§ **The problem**
From the data that follows, set down exactly the lines from the one with "Alexa Change The" through the one with "forma-care form comfort extra", counting both. Pictures stay out.

§ **Records to process**
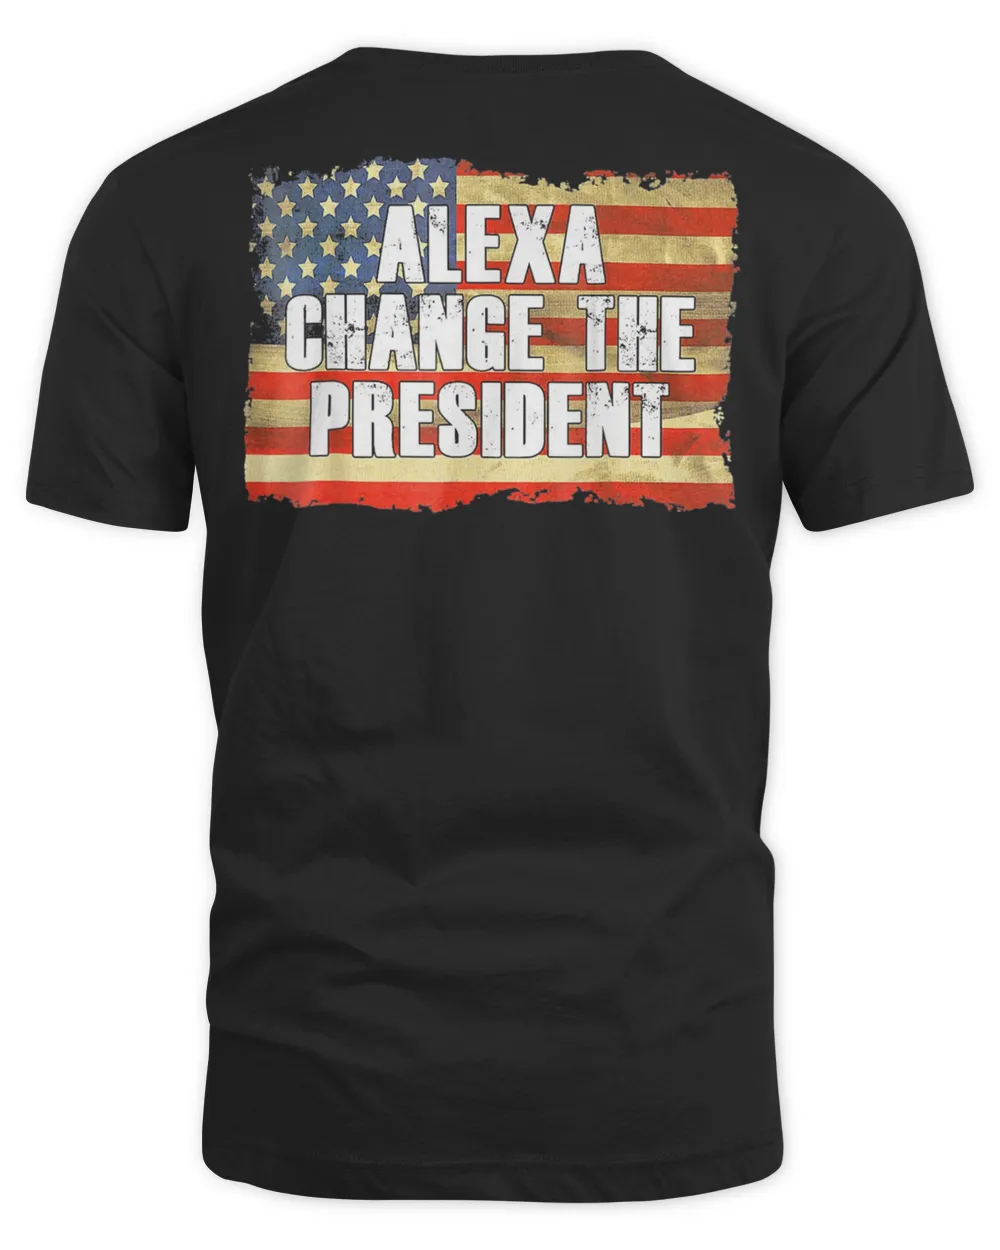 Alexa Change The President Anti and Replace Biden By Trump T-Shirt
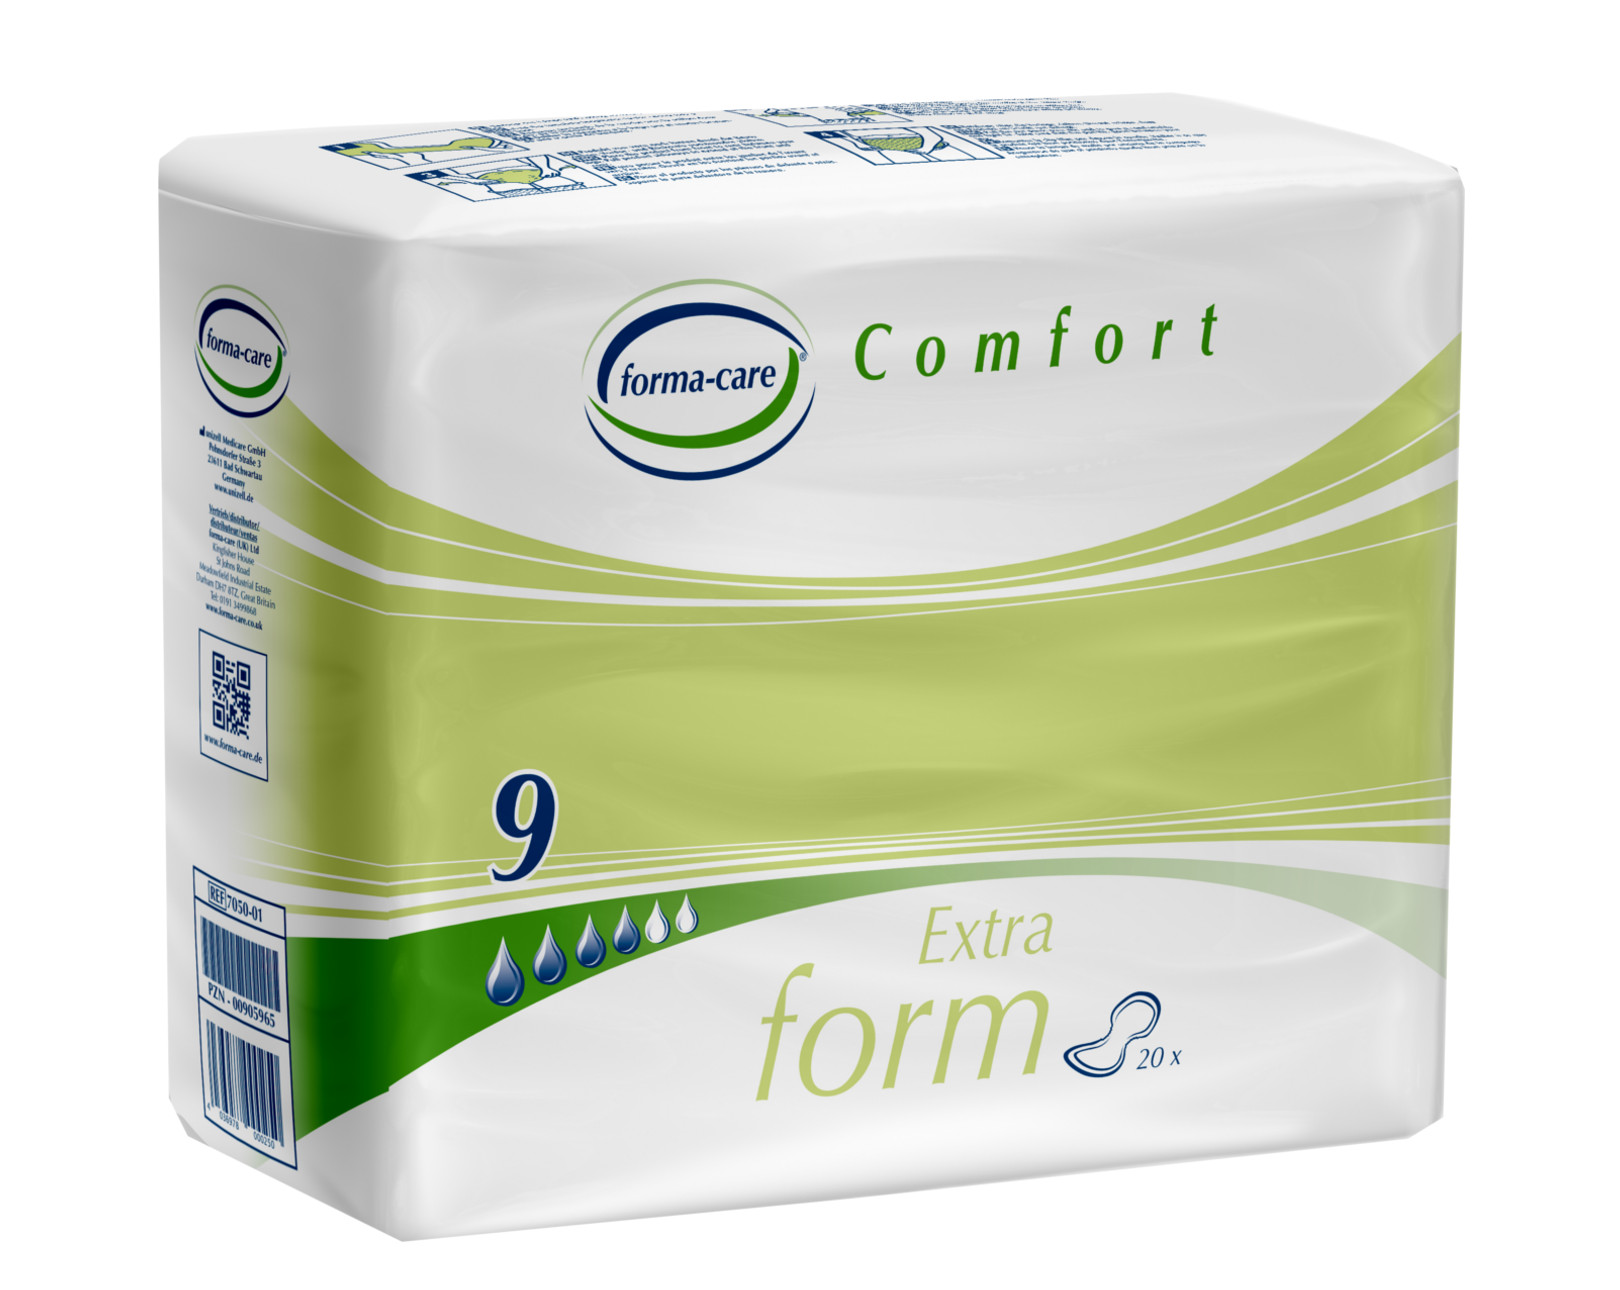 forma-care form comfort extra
...
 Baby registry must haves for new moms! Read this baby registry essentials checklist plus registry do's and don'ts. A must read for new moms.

§ **Output for this exercise**
 Alexa Change The President Anti and Replace Biden By Trump T-Shirt
 forma-care form comfort extra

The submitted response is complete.